### Available data ###

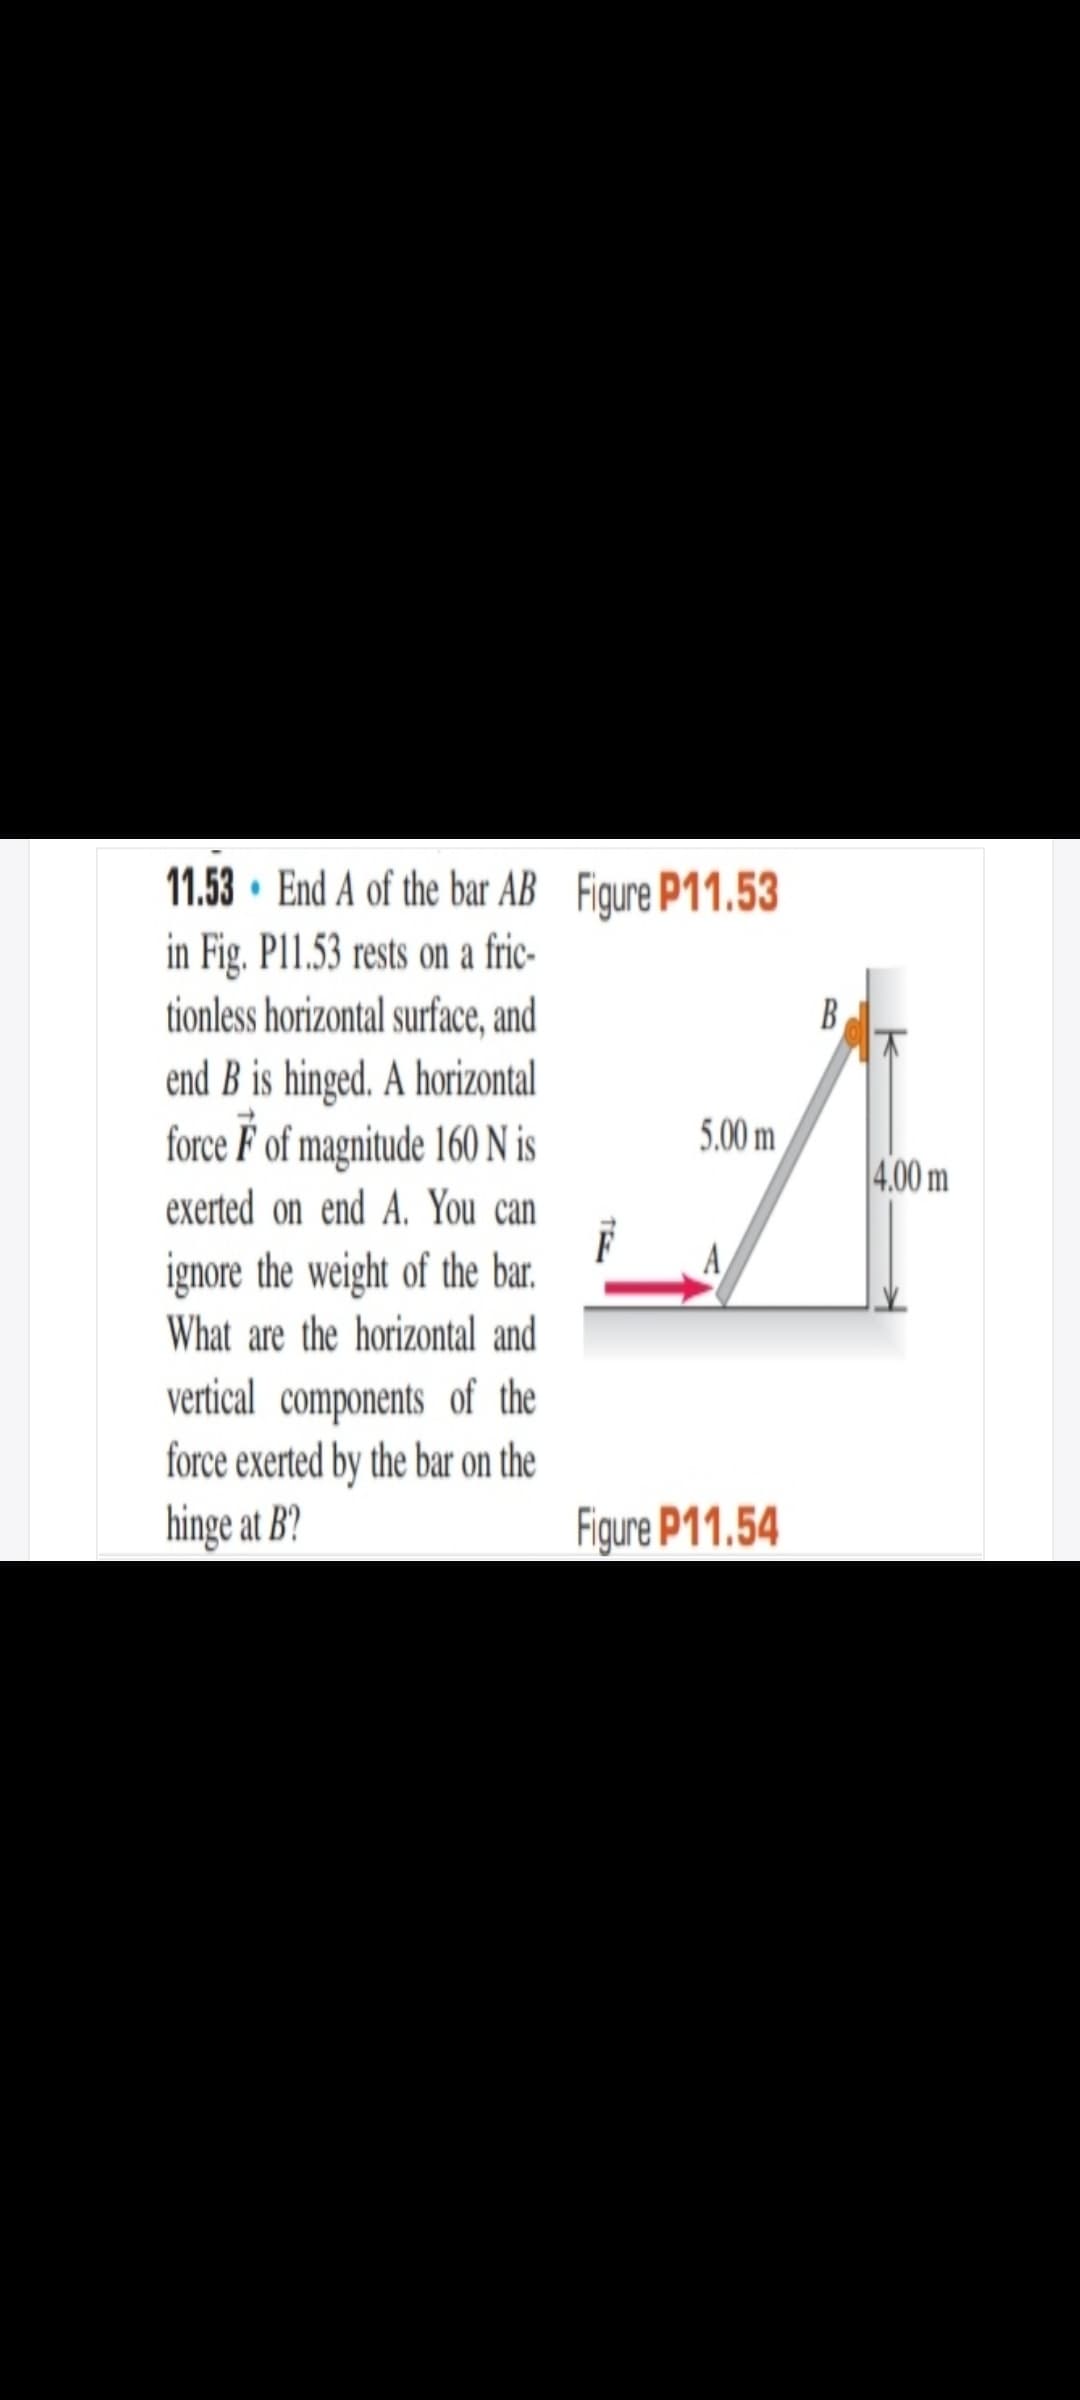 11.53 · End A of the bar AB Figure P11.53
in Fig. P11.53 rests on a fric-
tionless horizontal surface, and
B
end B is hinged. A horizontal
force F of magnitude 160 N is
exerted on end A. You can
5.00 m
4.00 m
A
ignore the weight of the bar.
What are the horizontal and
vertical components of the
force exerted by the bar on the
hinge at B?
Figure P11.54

###
### Available data ###

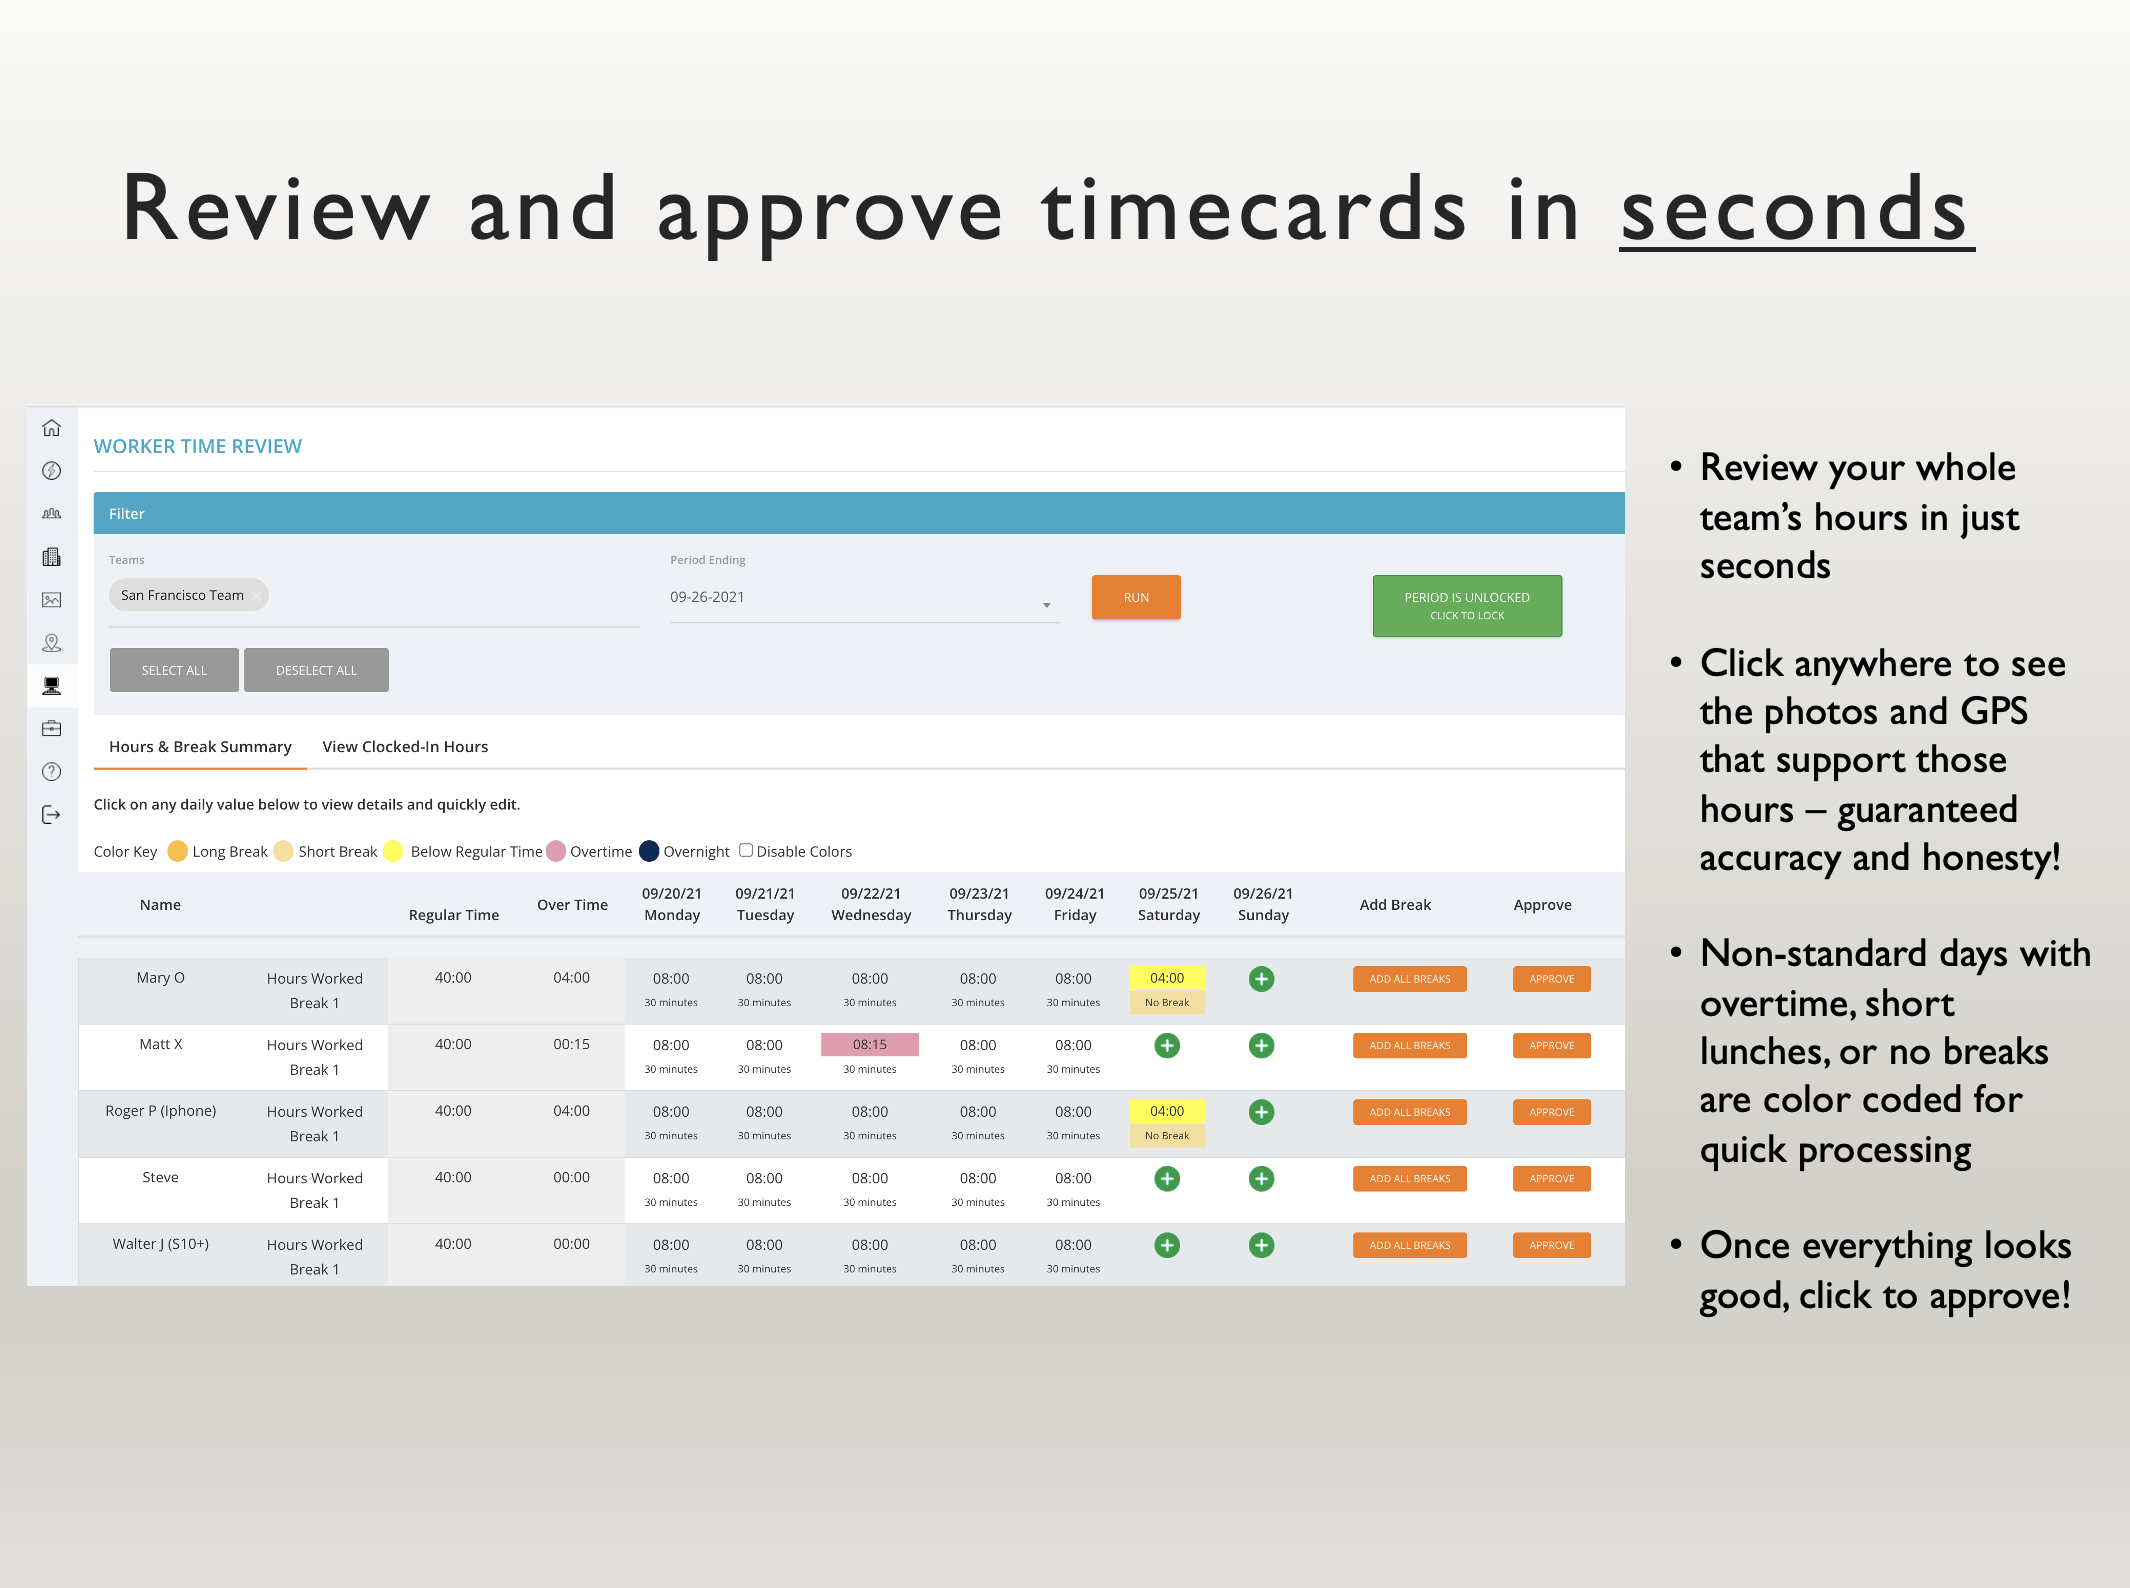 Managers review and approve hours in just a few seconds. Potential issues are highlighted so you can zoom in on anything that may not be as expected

###
### Available data ###

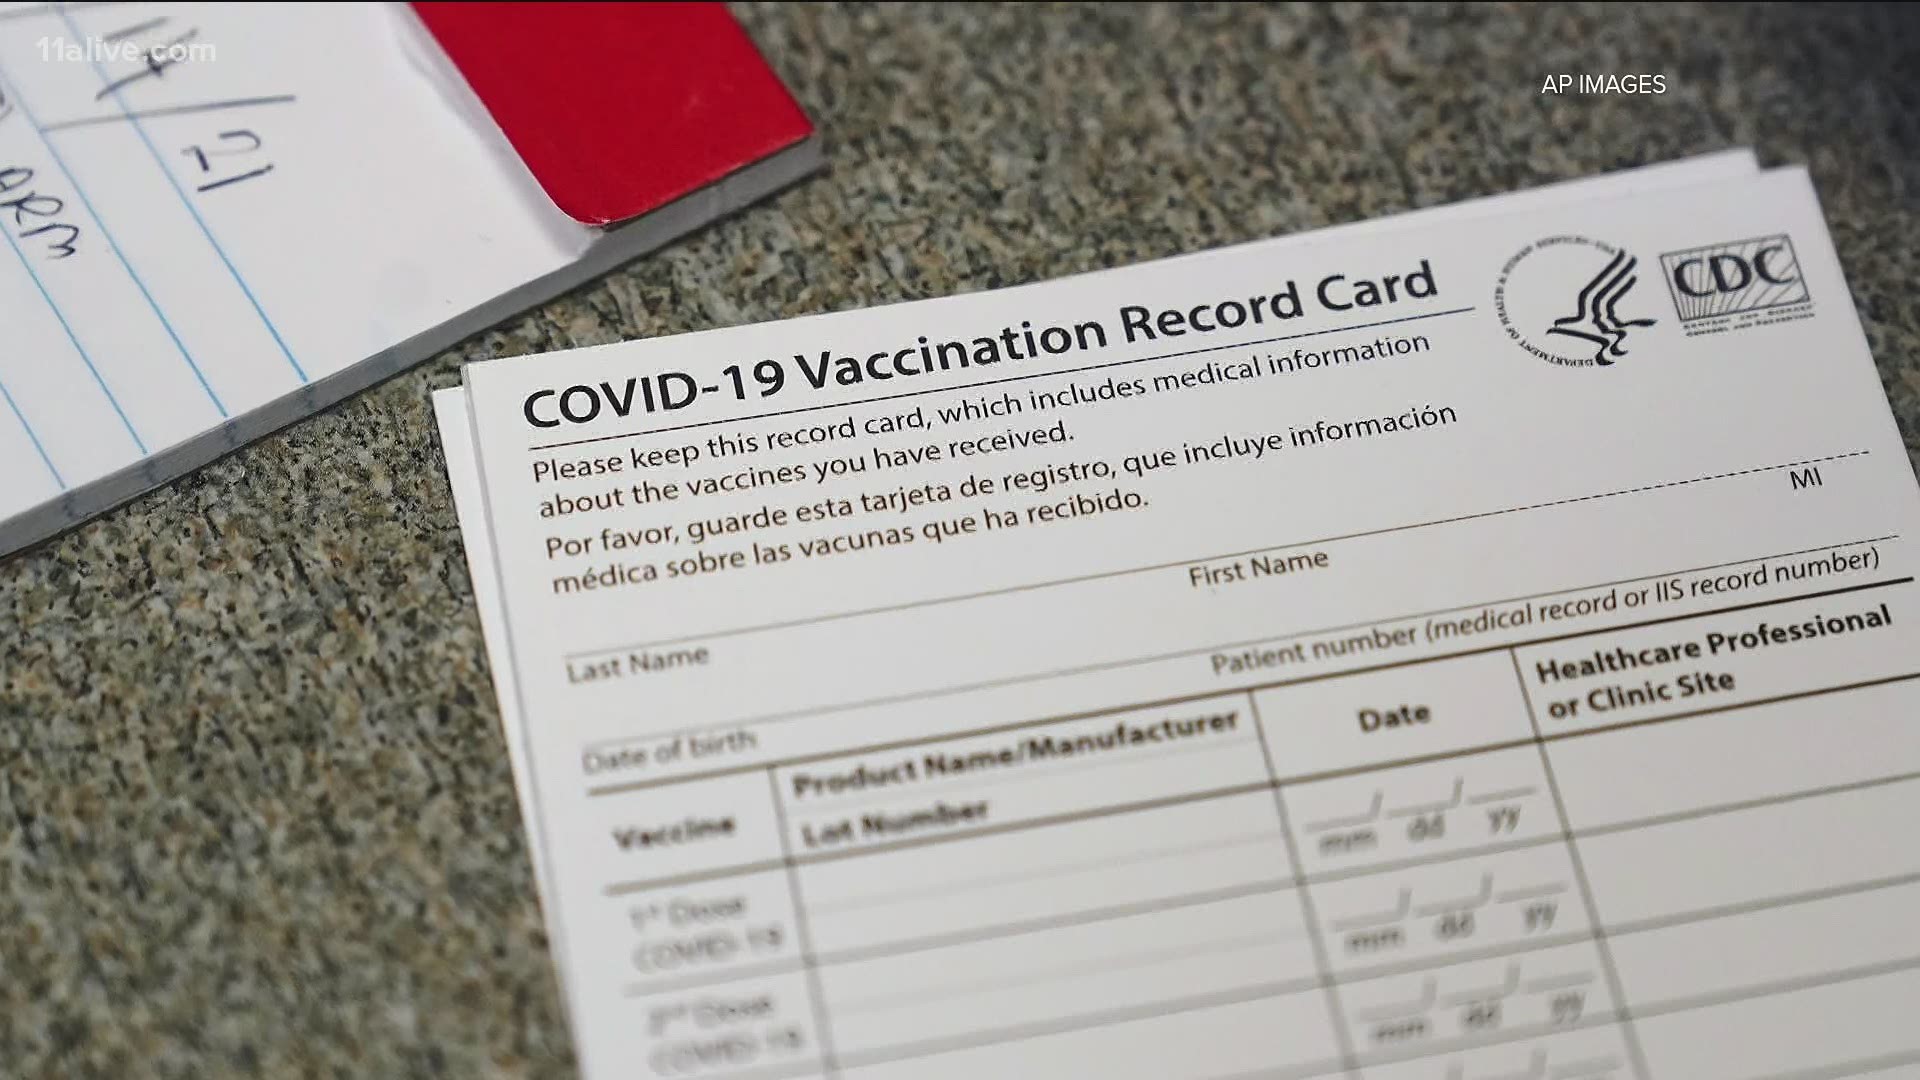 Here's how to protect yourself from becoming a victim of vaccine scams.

###

▶ [What you need to do]
Precisely the lines between those holding "tionless horizontal surface, and" and "Figure P11.54", inclusive, are to be reproduced from the listing above, with nothing added.

▶ [Response]
tionless horizontal surface, and
B
end B is hinged. A horizontal
force F of magnitude 160 N is
exerted on end A. You can
5.00 m
4.00 m
A
ignore the weight of the bar.
What are the horizontal and
vertical components of the
force exerted by the bar on the
hinge at B?
Figure P11.54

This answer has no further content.